EXERCISE REQUIREMENTS: Set down the whole listing below exactly, without pictures.

STORED DATA:
Content starts

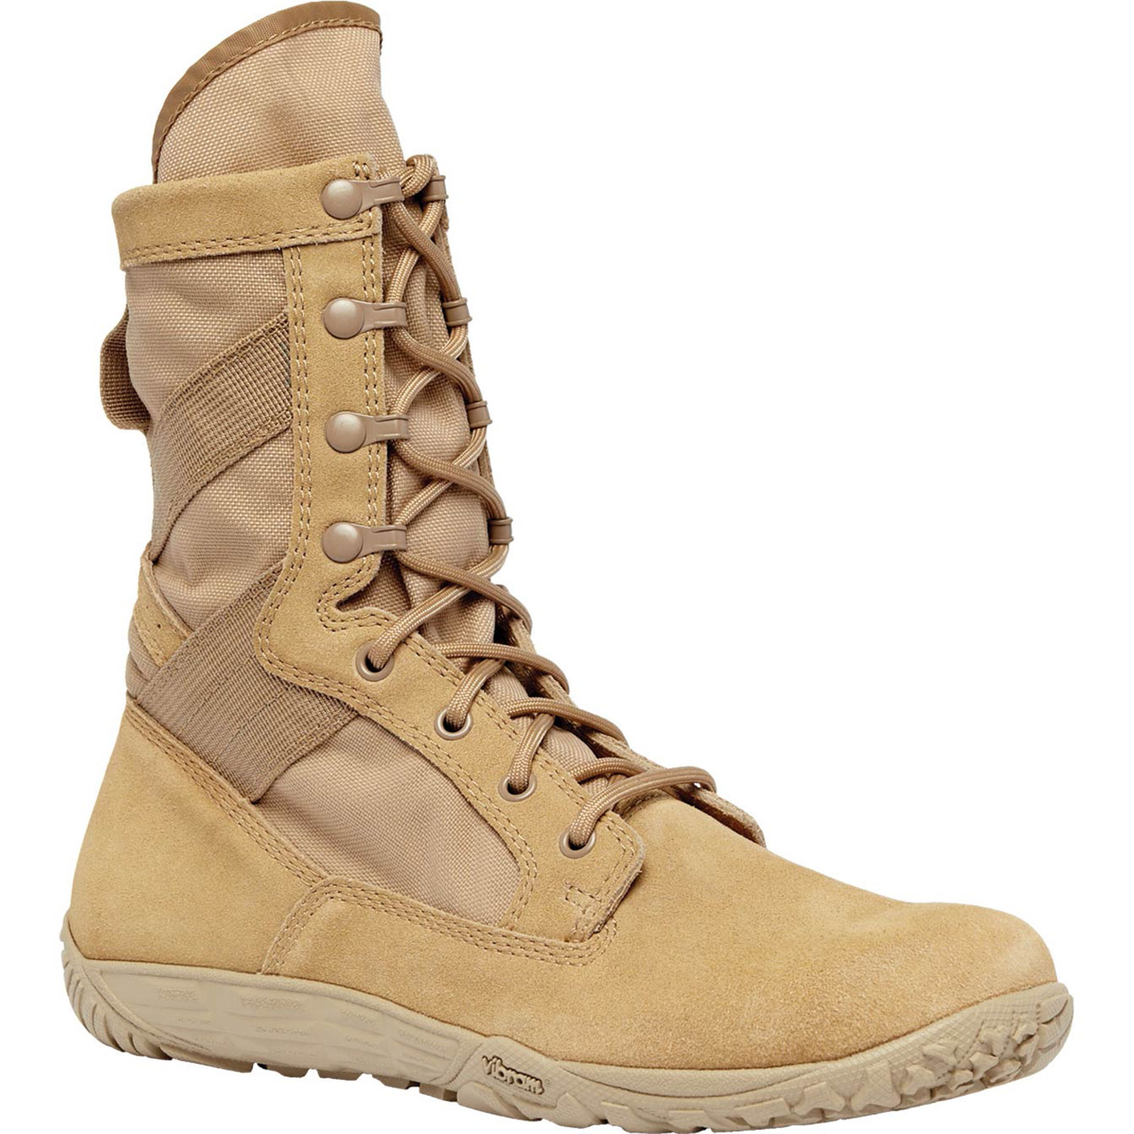 Tactical Research By Belleville Minimalist Tr101 Boot | Boots ...
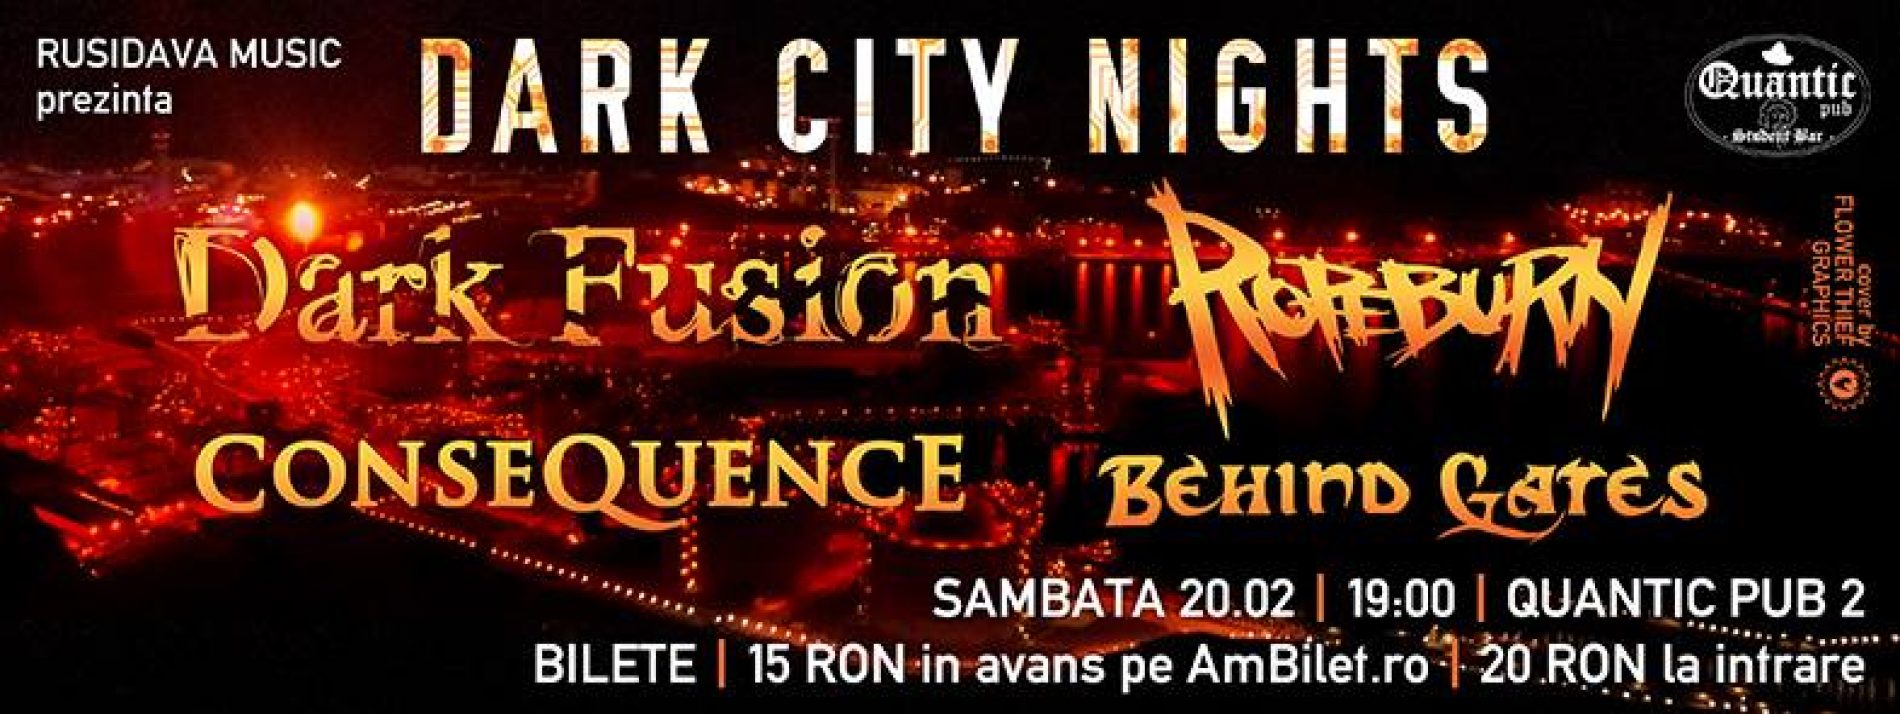 Concert Dark Fusion, Ropeburn, Consequence si Behind Gates in Quantic 2
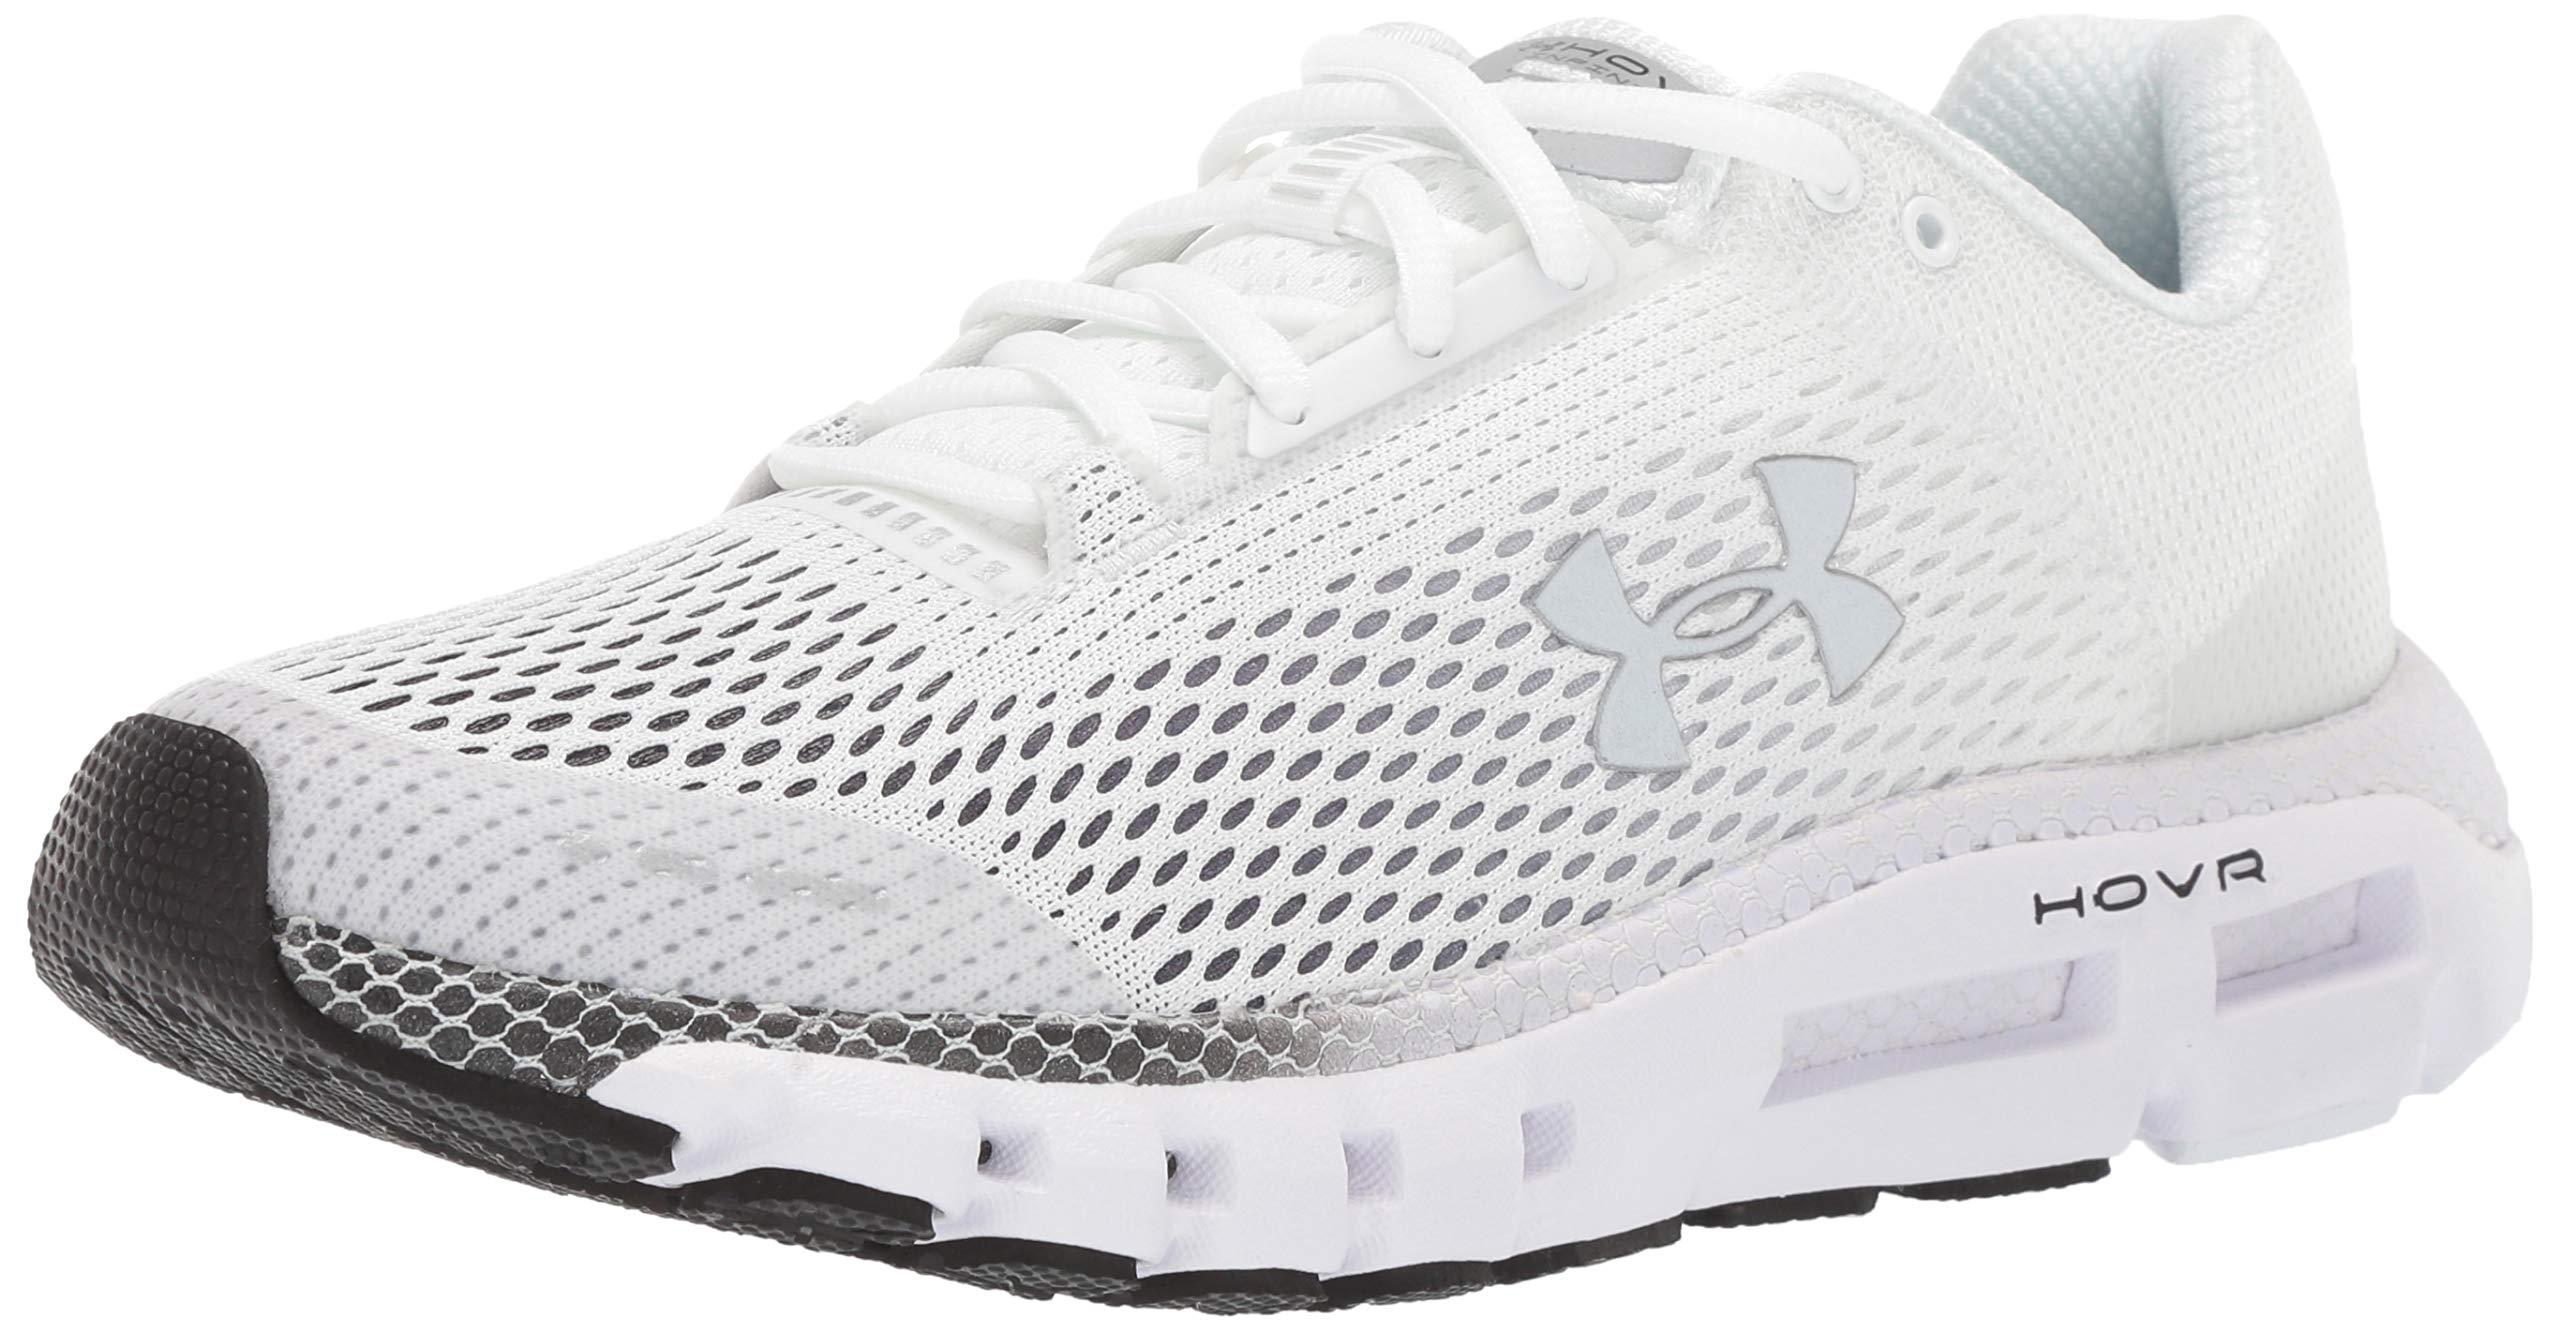 Under Armour Rubber Hovr Infinite Running Shoe in White for Men - Save 32%  - Lyst

Content ends

ANSWER TO THIS TASK:
 Tactical Research By Belleville Minimalist Tr101 Boot | Boots ...
 Concert Dark Fusion, Ropeburn, Consequence si Behind Gates in Quantic 2
 Under Armour Rubber Hovr Infinite Running Shoe in White for Men - Save 32%  - Lyst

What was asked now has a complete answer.